Mysterious radio signal from space seems to have suddenly vanished - bookofjoe
https://www.newscientist.com/article/2229019-mysterious-radio-signal-from-space-seems-to-have-suddenly-vanished/
======
eindiran
What a clickbait nonsense headline.

From the article: `[I]t is more likely that the telescope can’t detect the
FRB’s wavelengths or that any bursts it emitted while Oostrum and his
colleagues were observing were just too dim to see, says Jason Hessels, who is
also at the Netherlands Institute for Radio Astronomy but wasn’t involved in
this work. “Just because you don’t see anything at this time with this
telescope doesn’t mean there’s nothing to see,” he says.`

------
tudorw
Imagine you are in a dark room with a friend, they stop talking, you're in
shock, they have vanished, then they start talking again and you're like, oh,
they didn't vanish, they just stopped talking, it's that kind of vanished...
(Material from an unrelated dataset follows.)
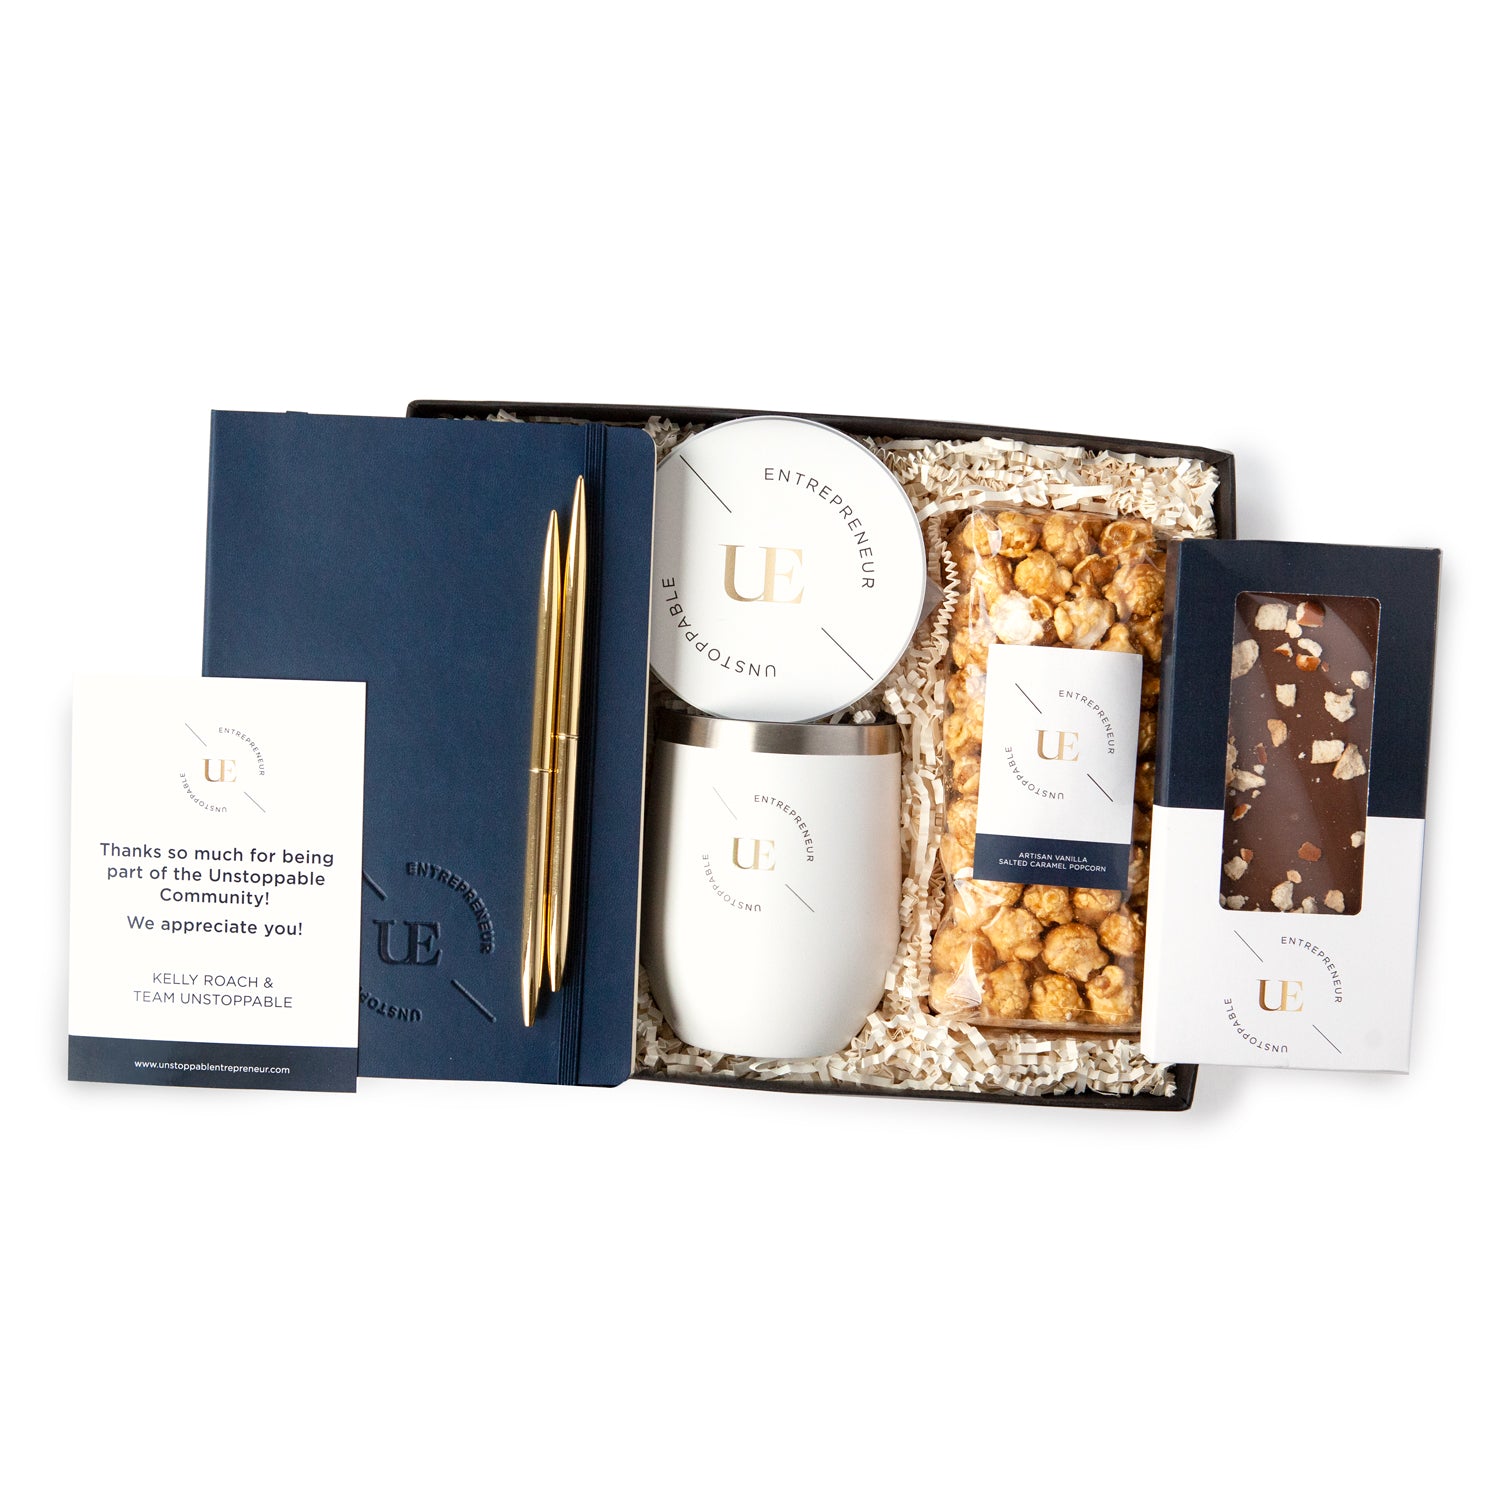 Corporate Gift Ideas Archives - Siegel's Corporate Gifts

"it is more likely that the telescope can’t detect the FRB’s wavelengths or
that any bursts it emitted while Oostrum and his colleagues were observing
were just too dim to see, says Jason Hessels,"

------
elif
When I see these articles, my first thought is, how are they so certain that
they aren't getting chatter from classified satellites? e.g. X-37 flies an
erratic mission profile, which could completely explain the intermittent
nature of their signals. Who's to say there aren't undocumented higher orbit
spy platforms?

Radiotelescopes are necessarily large and, afaik, all terrestrial as a result.